Forum Topics News Summary DJ Australian Equities Roundup -- Market Talk 18 Dec 2023 14:58:41
Jimmy
7 months ago

0314 GMT - Monash IVF continues to look well placed to gain further share of an IVF industry that is benefiting from structural tailwinds, Macquarie analysts write in a note to clients. They point out that the number of IVF cycles recorded in Australia's state health system in November were the second highest on record, up 17% on the year. They see ASX-listed Monash growing market share by 140 basis points over fiscal 2024 thanks to acquisitions and specialist recruitment. Macquarie has an outperform rating and A$1.50 target price on the stock, which is down 1.6% at A$1.3525. (stuart.condie@wsj.com)

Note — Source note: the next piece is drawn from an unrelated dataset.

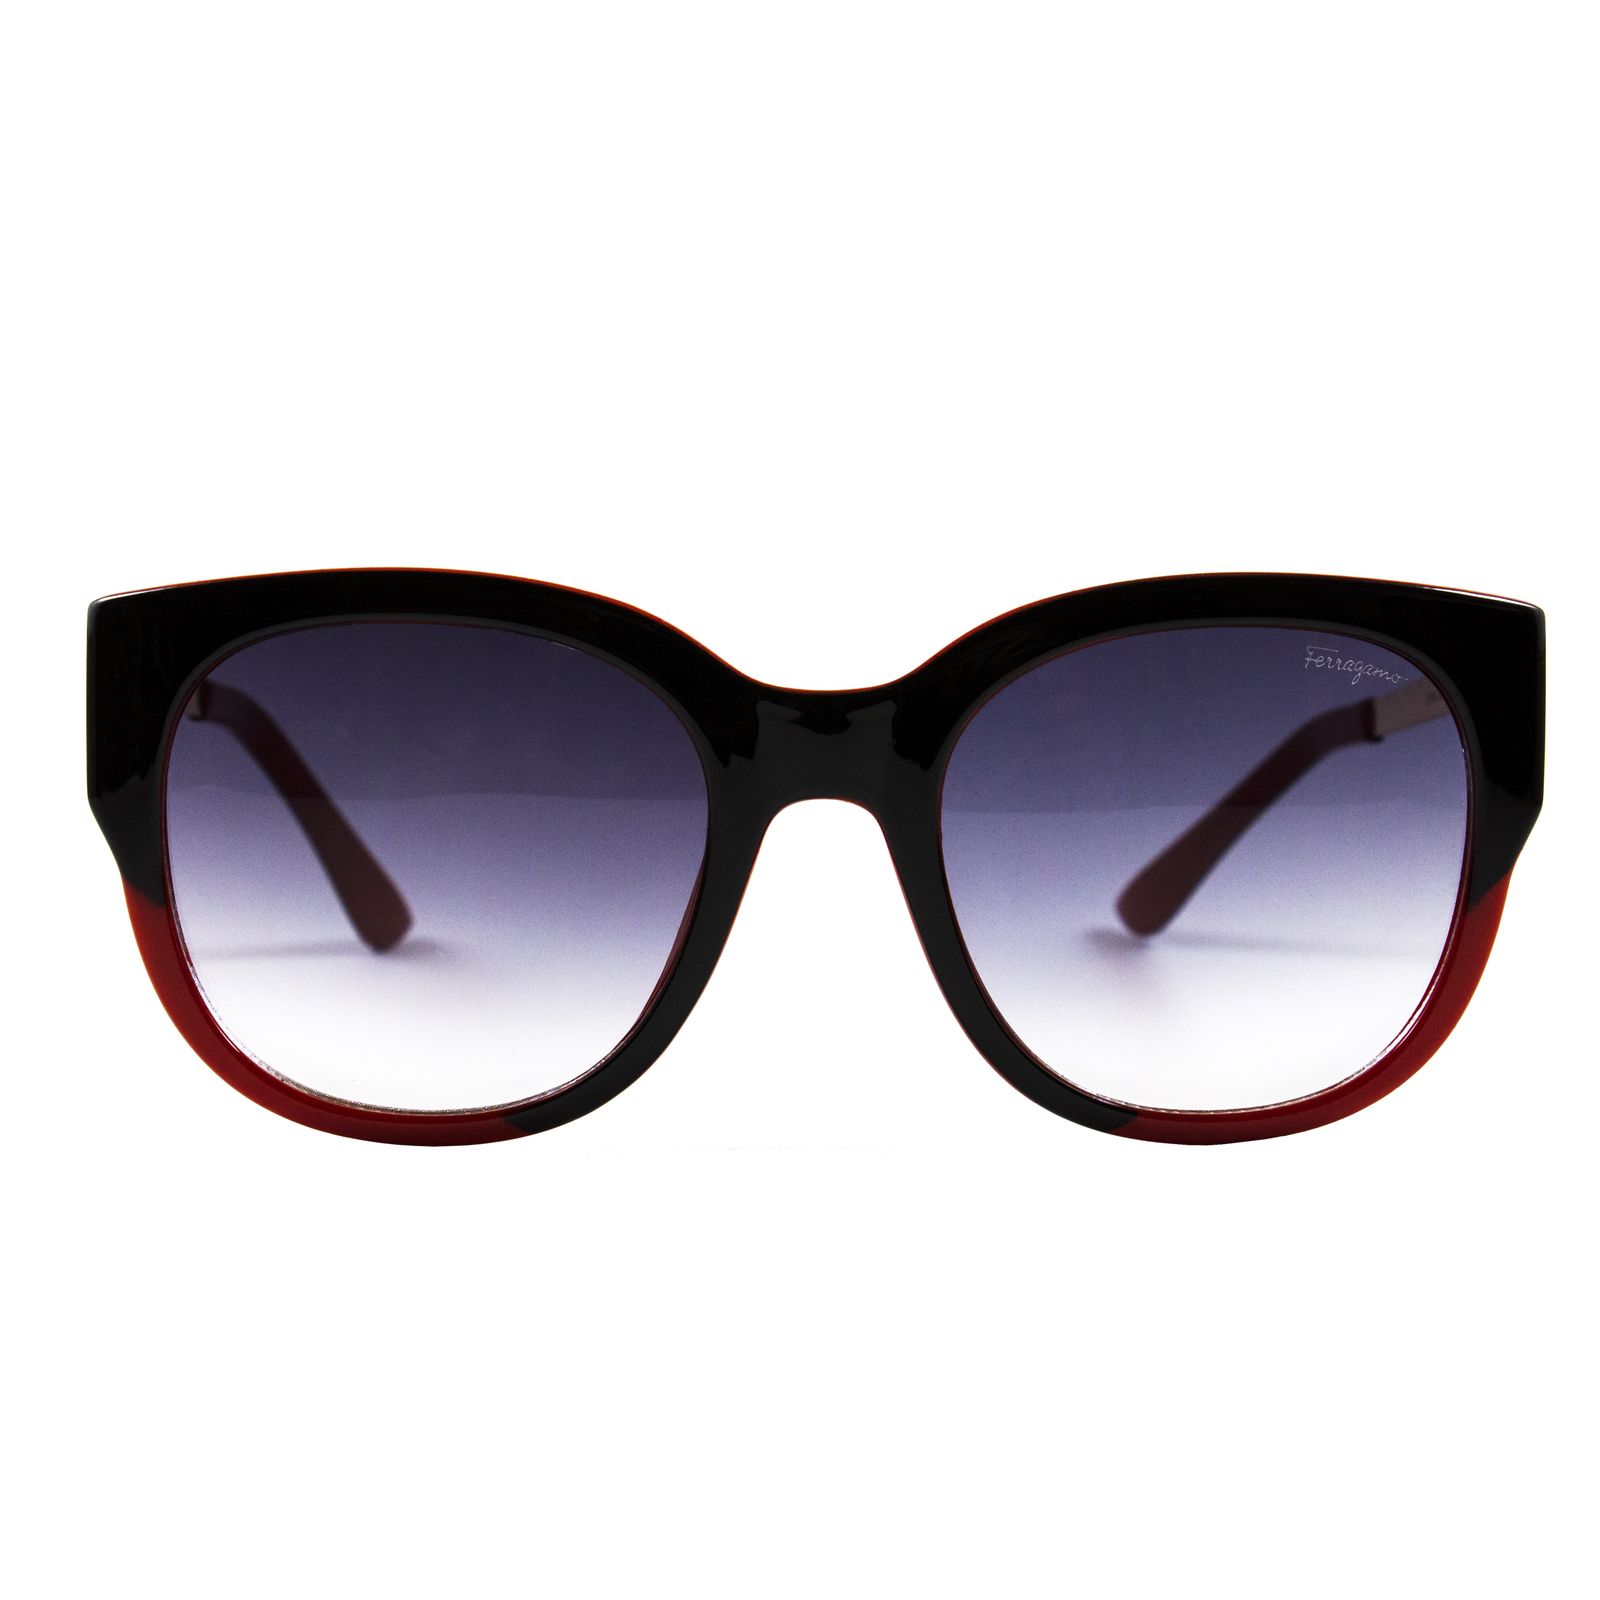 عینک آفتابی سالواتوره فراگامو مدل A SF86 53-20-129 -  - 3

0236 GMT - Genesis Capital's takeover proposal for Australian dental-services provider Pacific Smiles looks both opportunistic and reasonable to RBC Capital Markets analyst Craig Wong-Pan. The A$1.40/share proposal looks timed to capitalize on a recent weak trading update and the absence of a permanent CEO, Wong-Pan writes in a note to clients. However, it also offers a 33% premium his A$1.05/share target price. He also thinks that Pacific Smiles' valuation is unlikely to return to its pre-Covid level of 11-12X Ebitda due to factors including elevated patient cancellations and higher costs. The stock was at 7-8X Ebitda prior to Genesis's proposal, he says. RBC has a sector-perform rating on the stock, which is up 18% at A$1.41. (stuart.condie@wsj.com)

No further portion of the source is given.